■ Task brief
Below are the records; extract from them the line containing "Wolfline Motorcycle Anti" to the line containing "Improvement of Nutritional", both lines included, exactly and with no pictures.

■ Data for processing
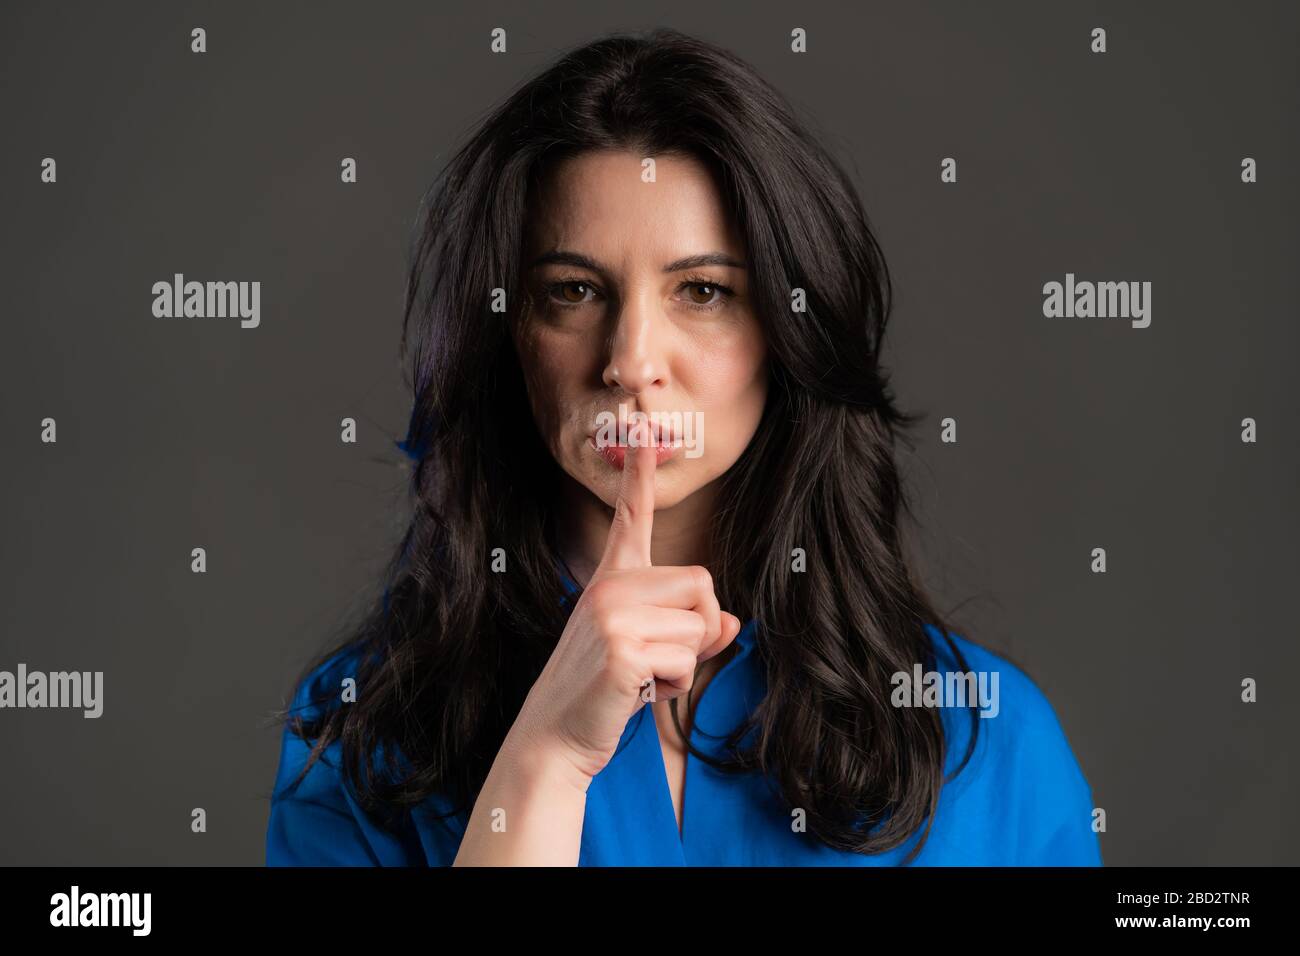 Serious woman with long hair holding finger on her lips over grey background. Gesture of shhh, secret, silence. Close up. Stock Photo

--

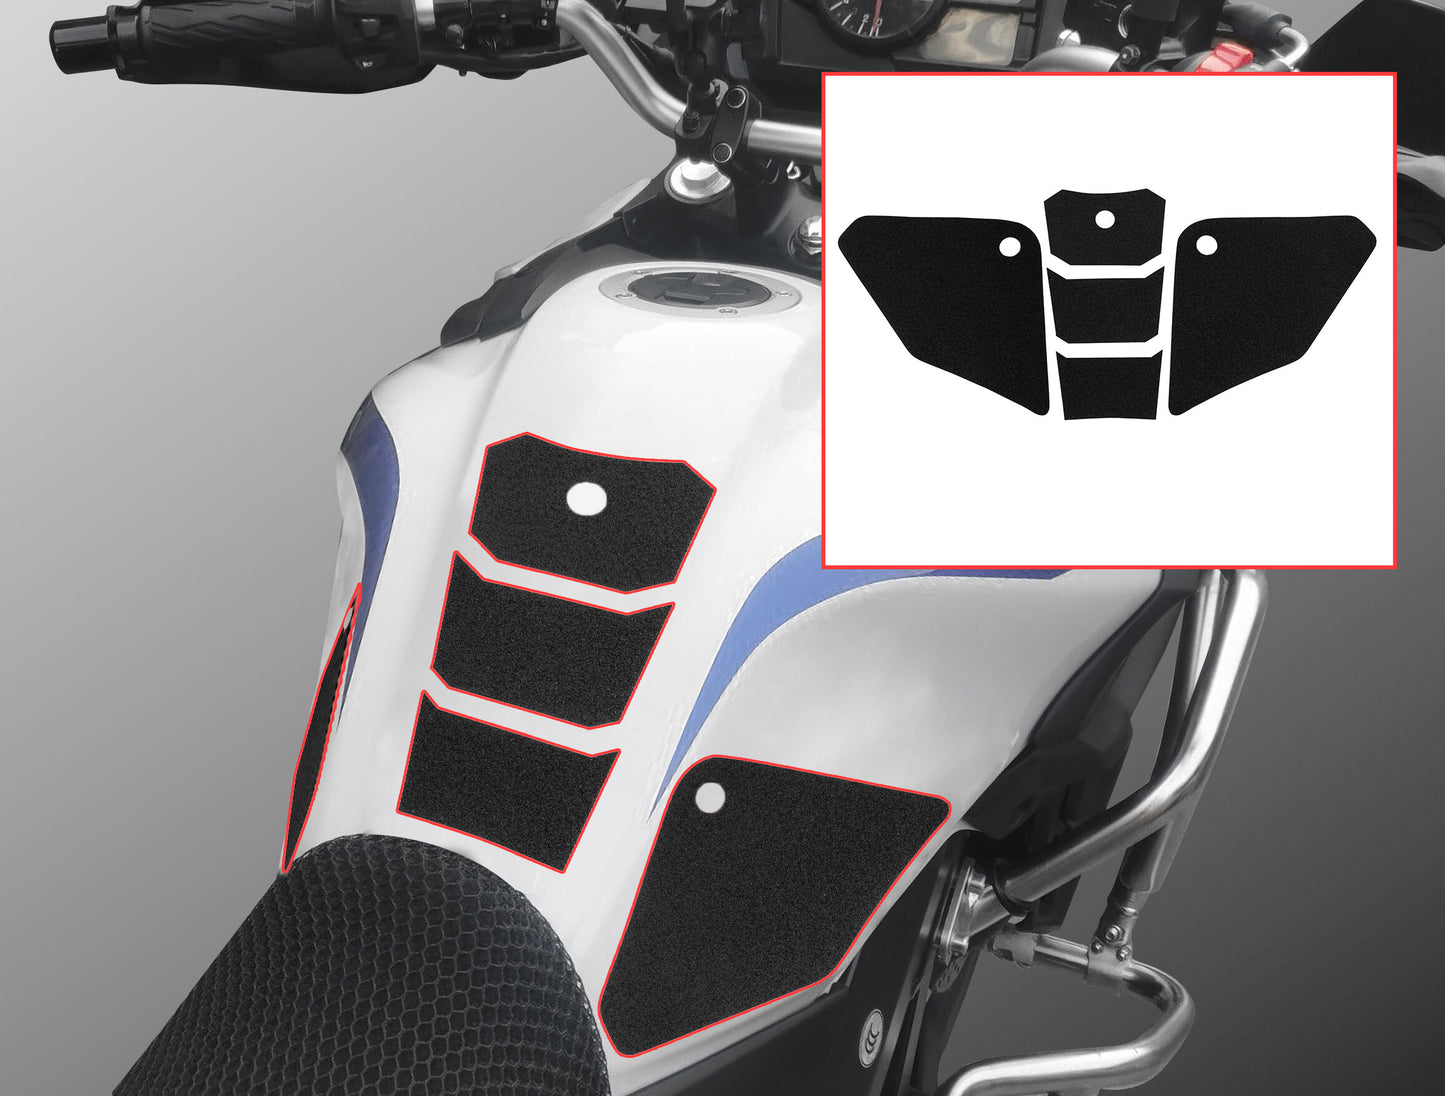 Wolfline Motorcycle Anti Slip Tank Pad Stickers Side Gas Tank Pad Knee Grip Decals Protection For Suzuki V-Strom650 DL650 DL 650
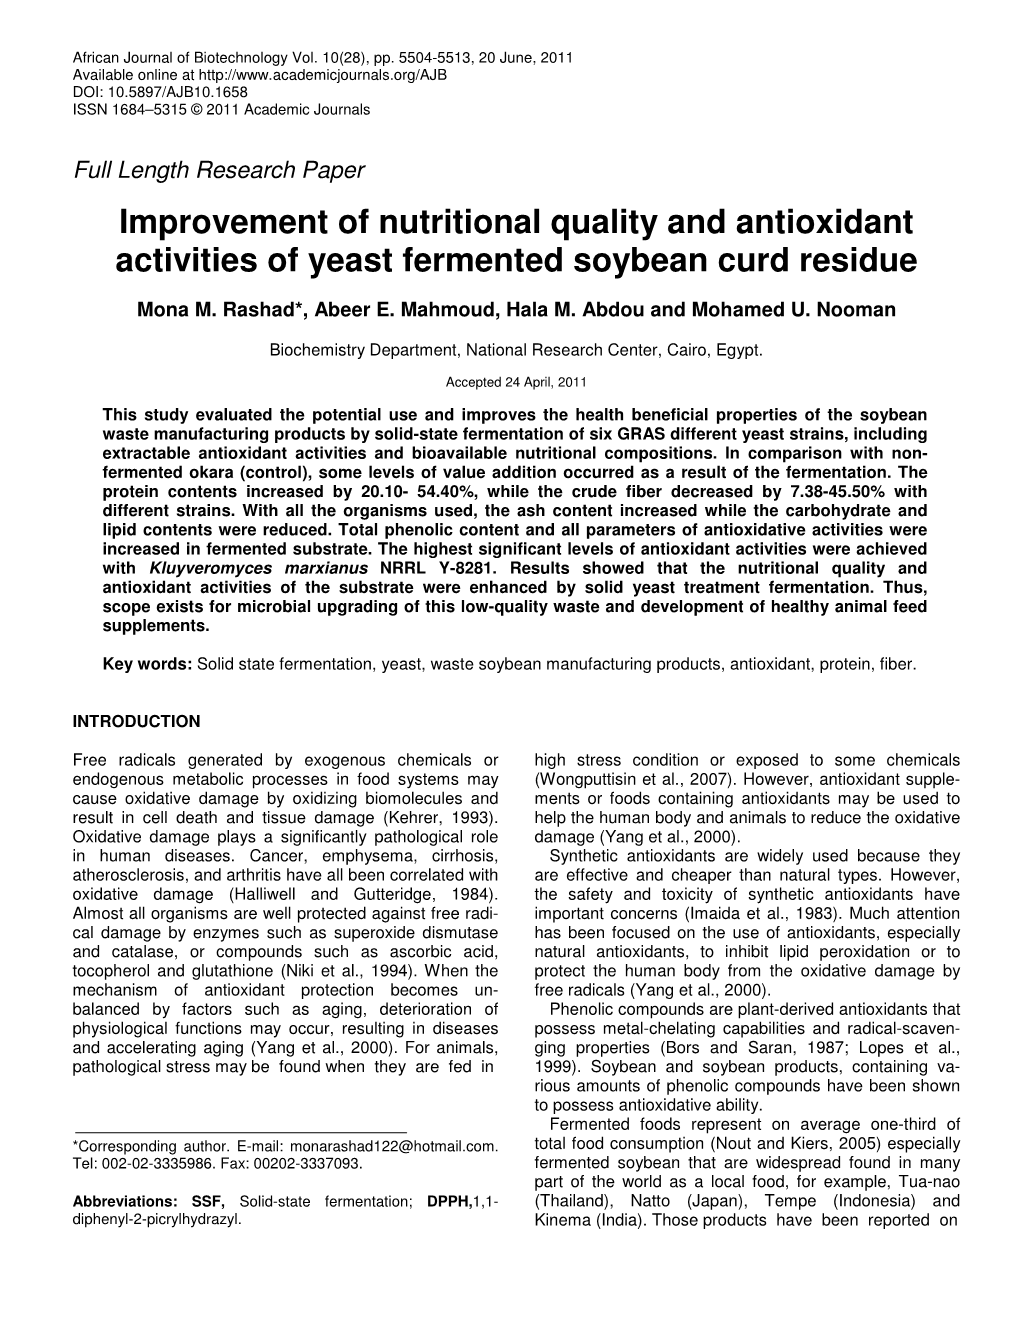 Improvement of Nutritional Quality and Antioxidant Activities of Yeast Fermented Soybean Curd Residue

---

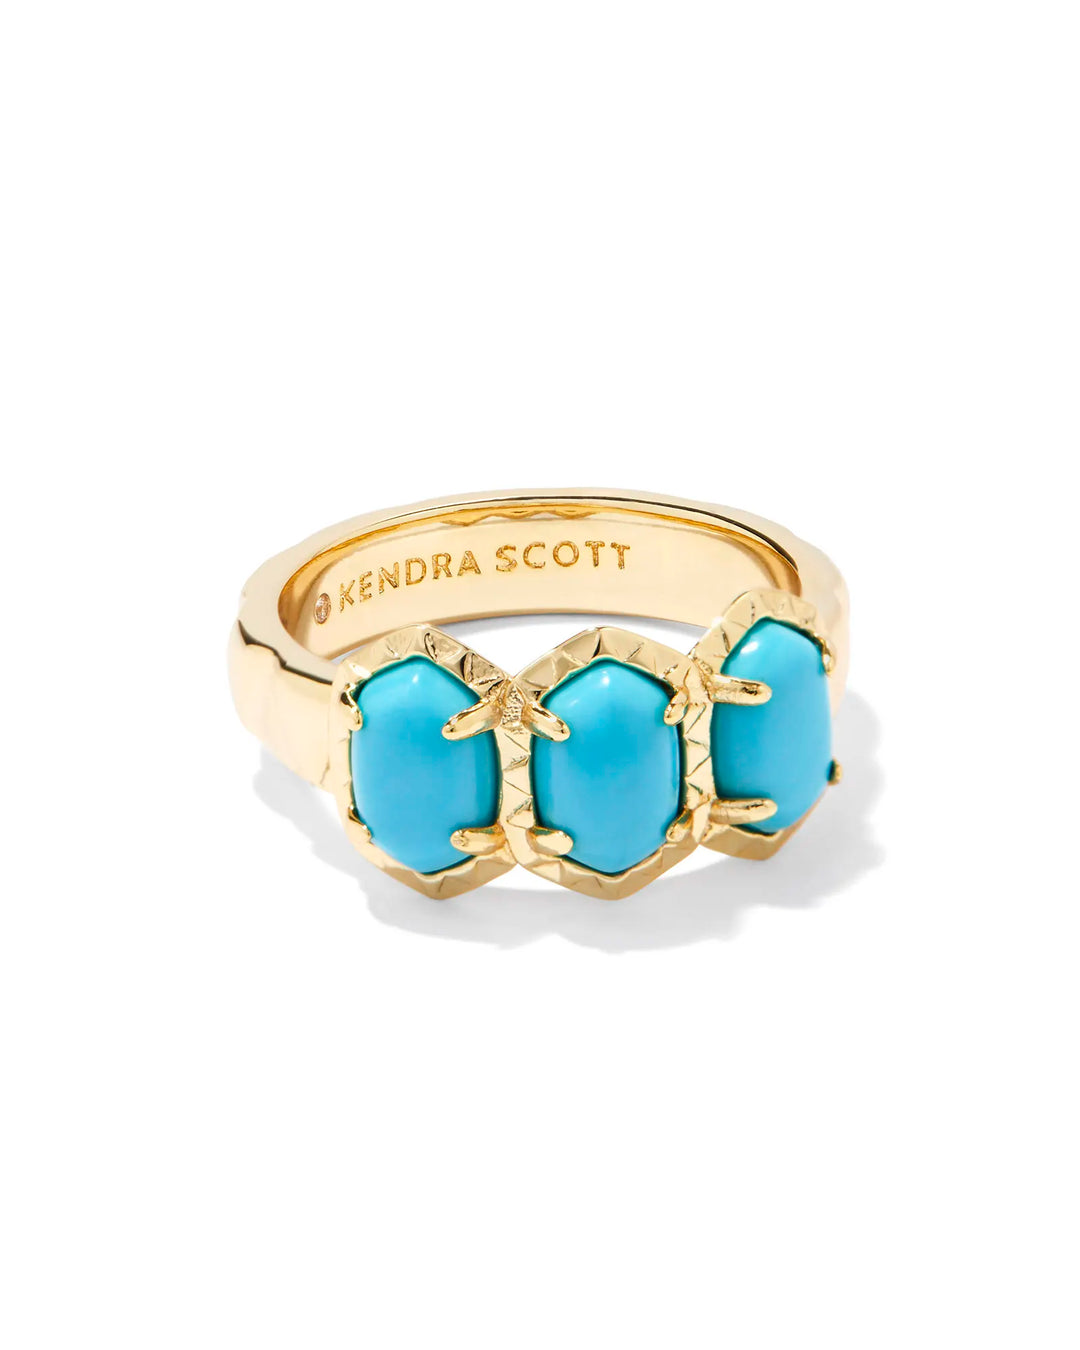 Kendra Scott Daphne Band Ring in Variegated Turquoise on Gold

■ Written response
 Wolfline Motorcycle Anti Slip Tank Pad Stickers Side Gas Tank Pad Knee Grip Decals Protection For Suzuki V-Strom650 DL650 DL 650
 Improvement of Nutritional Quality and Antioxidant Activities of Yeast Fermented Soybean Curd Residue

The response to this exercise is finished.